They Say The Walls Are Made Of Cream

As I write this, nearly everything in my room has been packed into boxes as Dad prepares to redecorate it. The colour charts have been fully browsed and any noise made echoes with the lack of anything to absorb the sound. The room is barren, but for a good reason, because within weeks it will have attained an entirely new personality and perhaps a new charm as well. Nails will hold together new shelves, and some new bedside drawers will bear the weight of a new lamp and clock radio. It’s important that any bedroom is a safe haven for any occupant, and therefore it must be tailored to match as many personal tastes as possible. I intend to supervise the entire process as best I can, but I still wonder if it’ll still leave a little to be desired for one reason in particular.

I remember hearing recently that one of Louis’ friends has described our house as “the cream house”, cream being the colour of virtually all of our walls. To be honest, I’m so used to it that I’d stopped noticing the pattern myself, and I didn’t realise that it was noticeable among other people either. That’s what inspired the title of this blog post – it’s almost like the creamy blandness of our interior designs will one day become legendary if enough people recognise it. Whilst it may unmistakably seem like I completely disapprove of the colour scheme because of its lack of personality, it would be unfair not to point out its benefits according to Dad. He says that a bright colour, be it cream or the orange of Louis’ feature wall, lifts the light in any room, and in my case he insisted that it will help me when I want to read. He does have a perfectly valid point, even if I do still struggle to believe that a slightly darker colour will totally plunge me into darkness. Happily, I know that no matter what is done to my bedroom there will be one crucial thing that will remain unchanged.

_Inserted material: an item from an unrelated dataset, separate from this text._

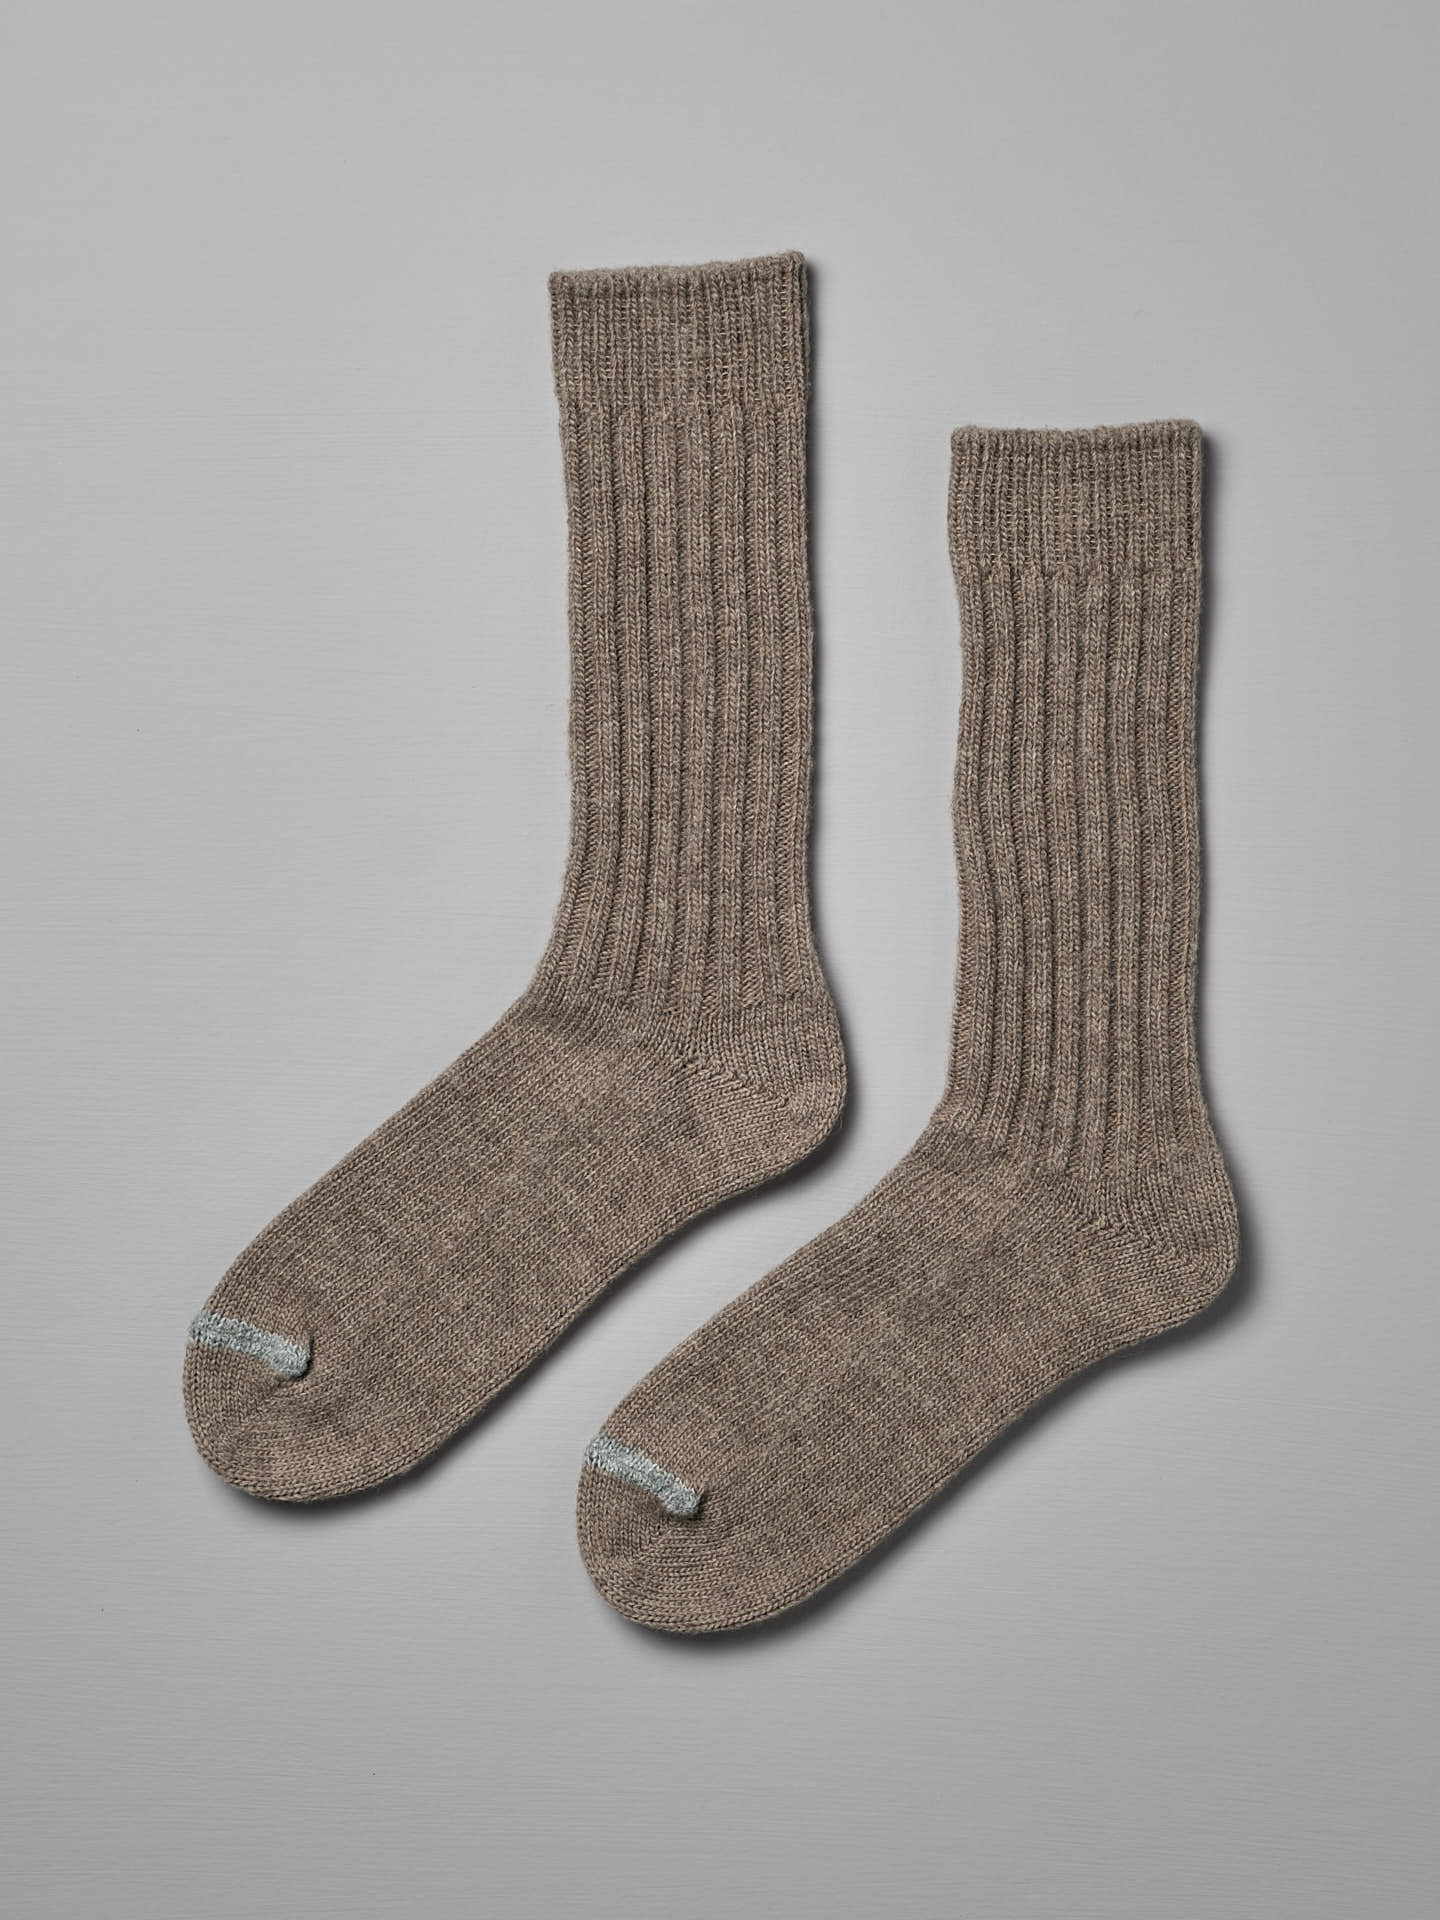 A pair of Praha Wool Ribbed Socks – Beige by Nishiguchi Kutsushita, displayed flat against a plain grey background. Both socks feature a small blue stripe near the toe area. Available in various sizes, including EUR and US (Men’s & Women's).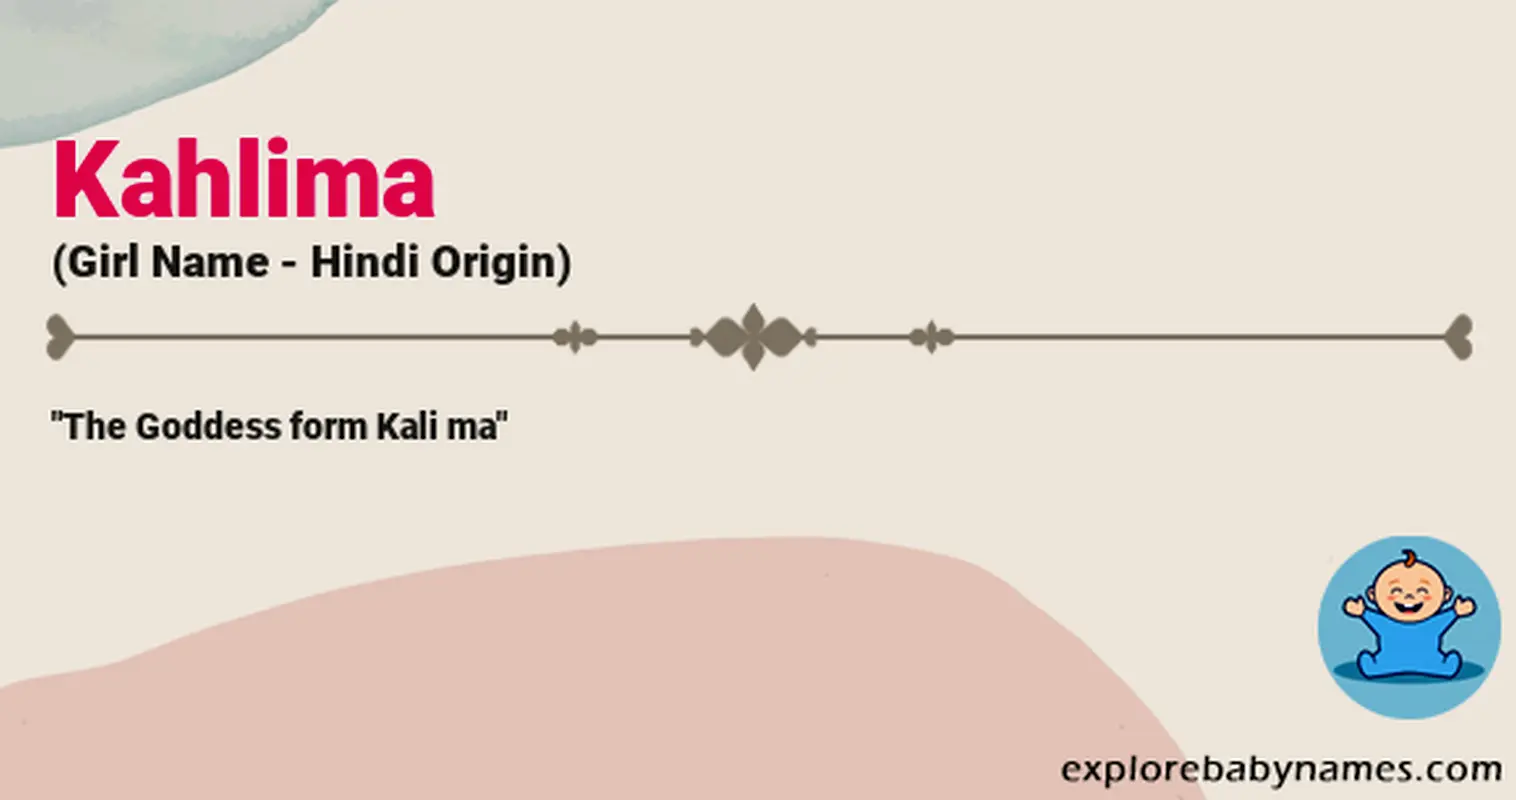 Meaning of Kahlima

My bed slots snugly into the far-left corner. It exemplifies what I love best about my room, because that corner is a microcosm. A hideaway within a hideaway. As a disabled person who perhaps doesn’t venture outside as much as he would like because he always wonders what to do there, my room carries double the importance. My keyboard is there, along with my books, notebooks, magazines and record player – so therefore it is a large source of stimulation whenever I don’t feel that the great outdoors can offer me anything. In the aforementioned corner there is more than just a space to lay my head. There’s a space to mull things over, and not just in the traditional lying-awake-at-night-worrying-about-things sense. Some of the ideas I’m most pleased with have come from there in the dead of night. We can feel snug in any bed, but mine is in a bubble where creativity and surrealism roam free, where I really feel like I’m taking time out away from everyone else – even if they’re in the room with me. That’s why, regardless of what happens to the room, the bed is staying put, away from the cream washout!